Linear regression, in one form or another, is one of the most widely used statistical techniques for examining the effects of some group of explanatory (predictor) variables on an outcome variable. We use multi linear regression analysis when our dependent variable is either continuous, a scale variable, or interval level. The independent variable can be any level (continuous, a scale variable, interval level, or categorical). However, any independent variables that are categorical have to be code in a very specific way called dummy coding.
One of the most import parts of regression analysis is choosing the variables that should be in the model. Always use theory to develop your regression models. The variables in our models are also influence by our literature review (i.e. what variables have been used in the past).
Here’s the basic drop down menu path to run a regression model.
Analyze Regression Linear choose your dependent variable and choose your independent variables (if there is a reason you want to enter the independent variables in a particular order or in steps then use the next button) Statistics click on R squared change continue paste or OK.

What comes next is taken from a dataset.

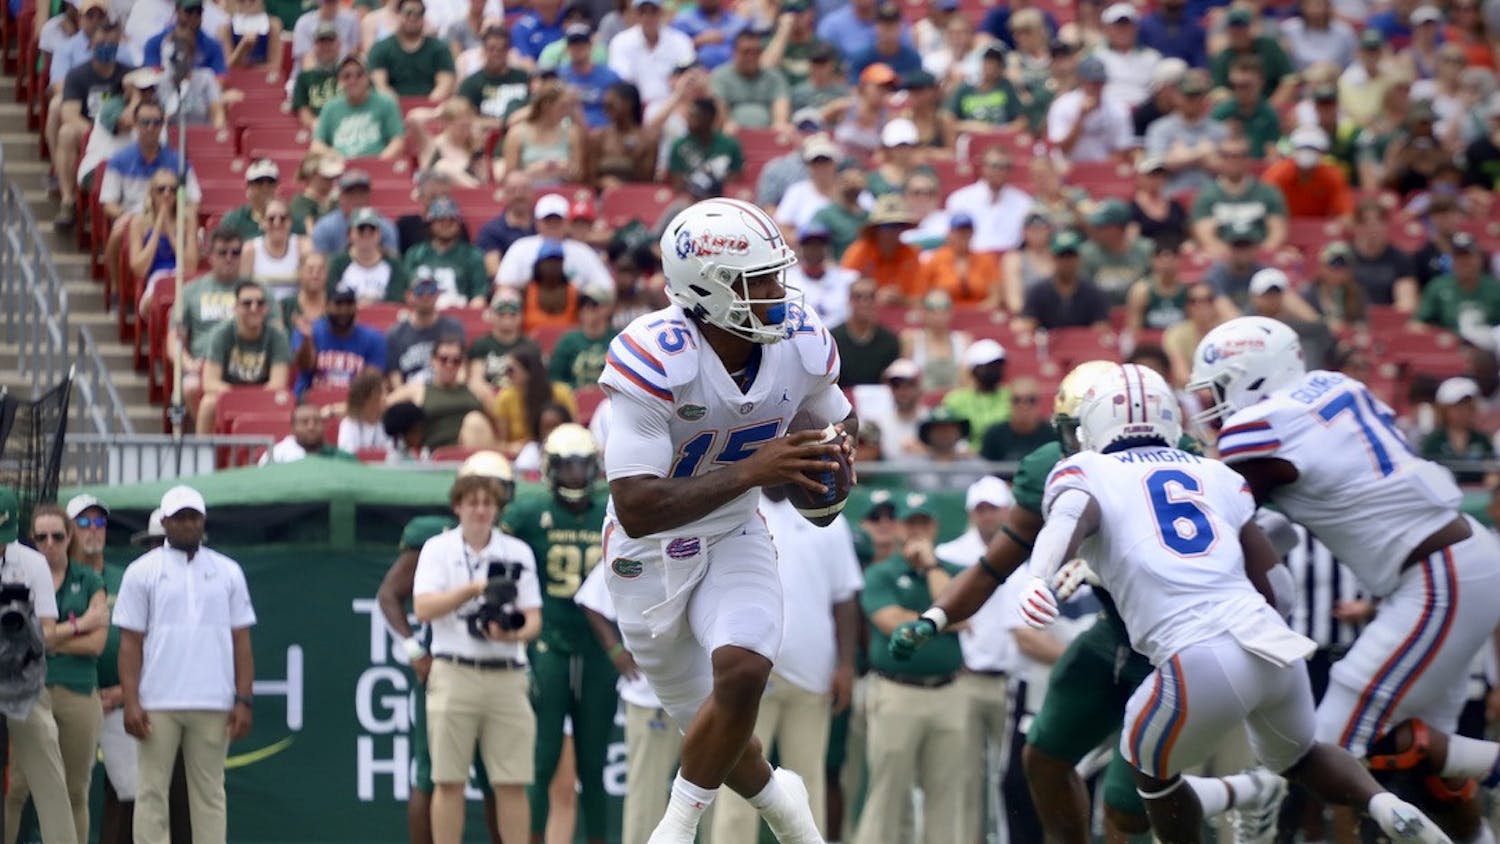 Quarterback Anthony Richardson scrambles to his right versus South Florida Sept. 11, 2021. Richardson will lead the Florida quarterback room this season, while the depth behind him is questionable.  
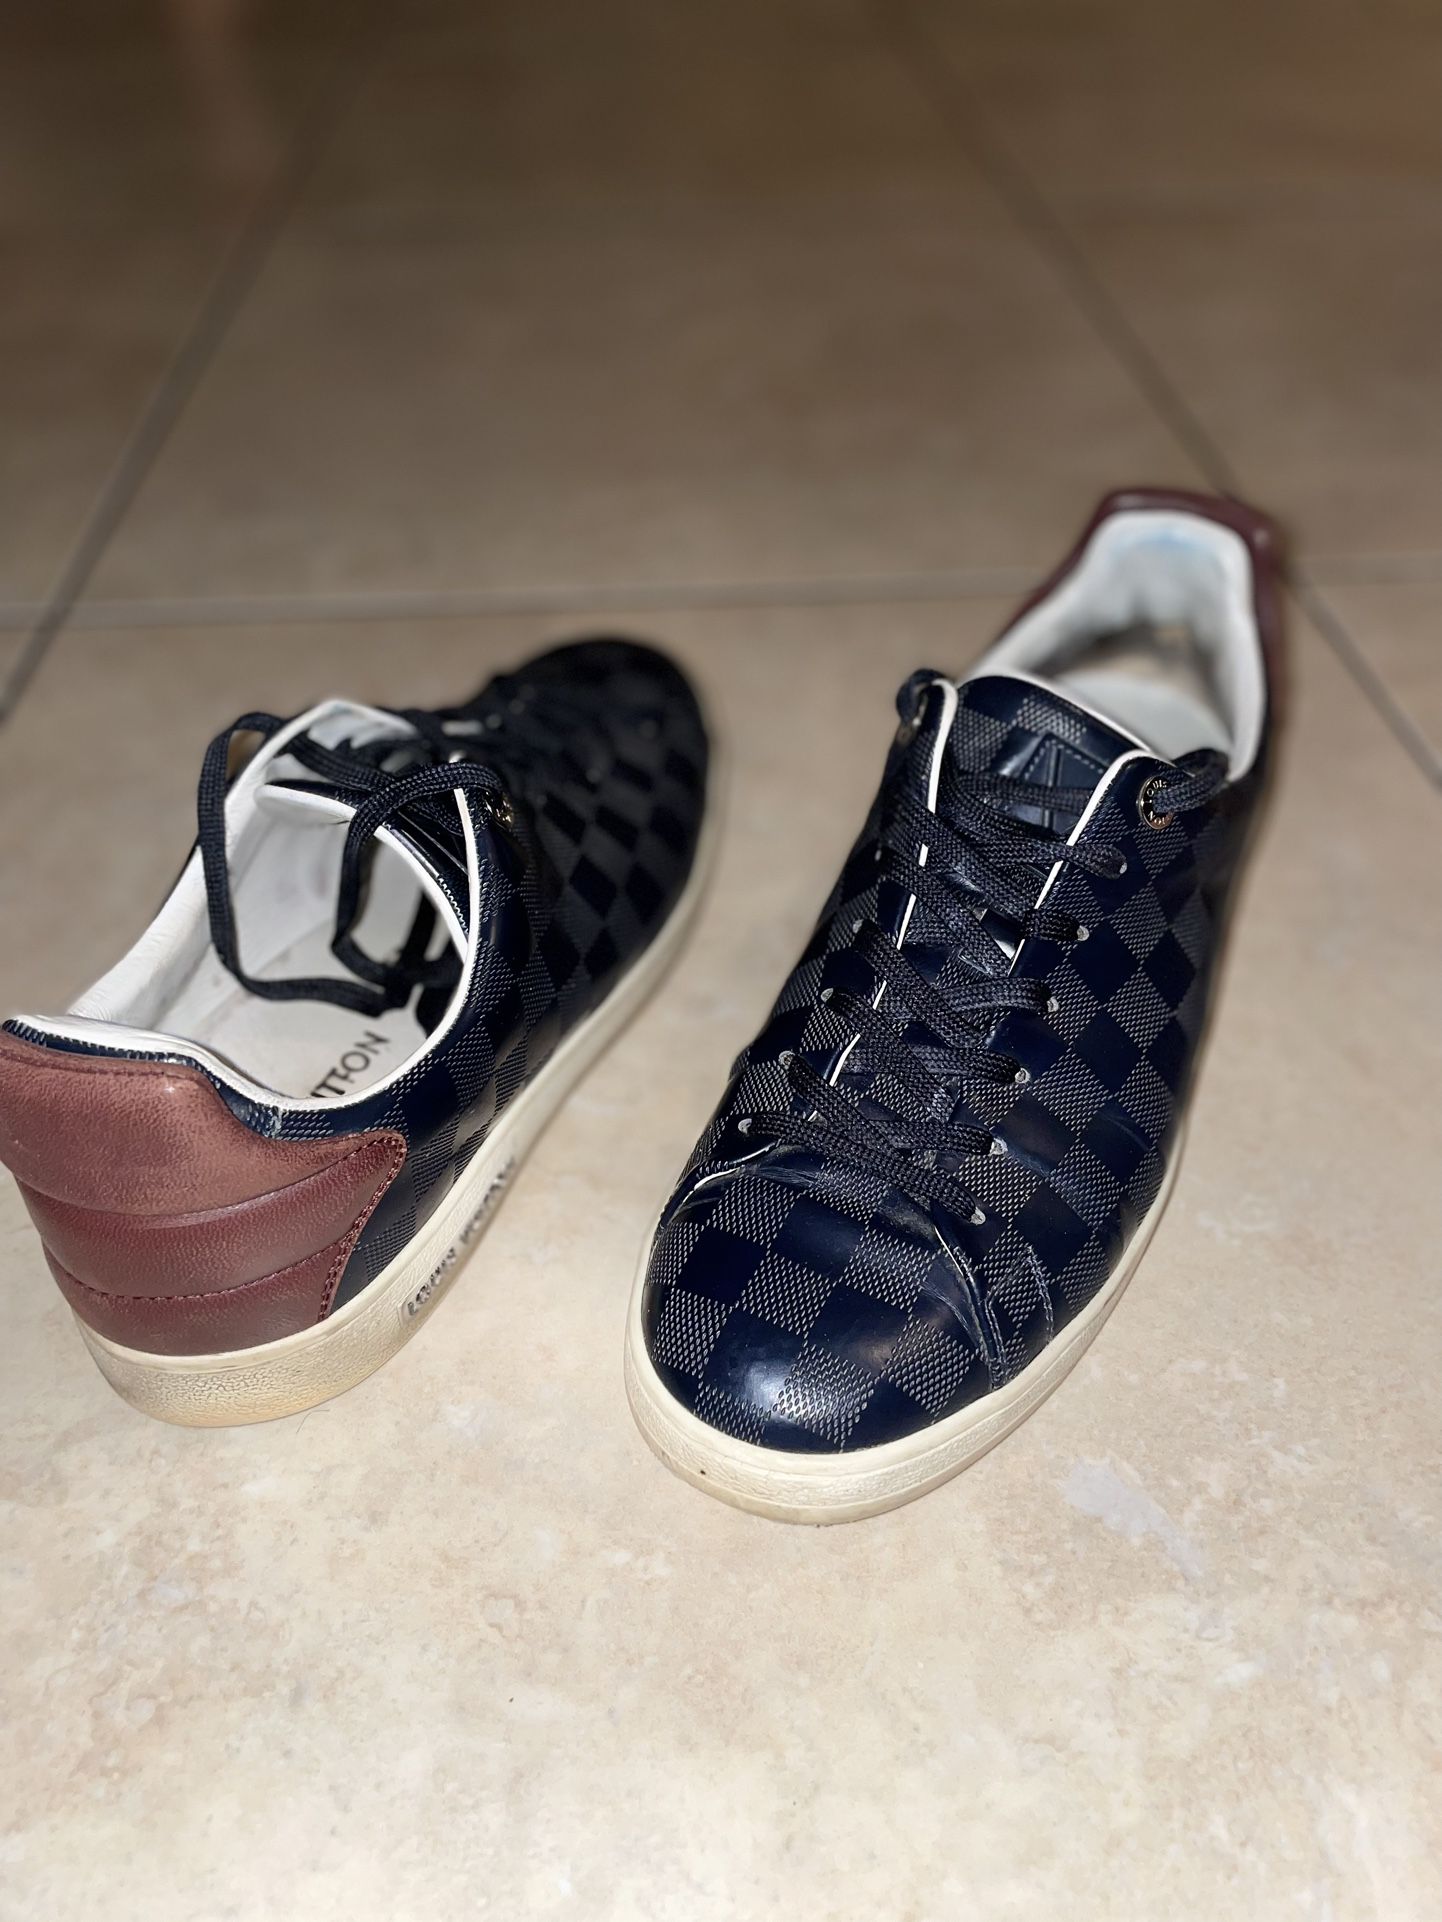 Louis Vuitton Size 8 1/2 Men's Shoe for Sale in Queens, NY - OfferUp

Class example for states data (STATES07withSouth.sav). The dependent variable is going to be crime rate CRS28. I am having you enter the independent variables in 2 steps. In the first step I want you to enter the variable South and in the second step enter poverty rate (PVS493) and high school dropout rate (EDS130). Often we enter independent variables in 2 or more steps to test what we call mediated models (mediated models are beyond the scope of this class) or to see the added effect of an additional variable. I am having you use 2 steps to demonstrate what happened to the slopes (b and beta) when multicollinearity is present (When independent variables are correlated with each other; they are almost always correlated).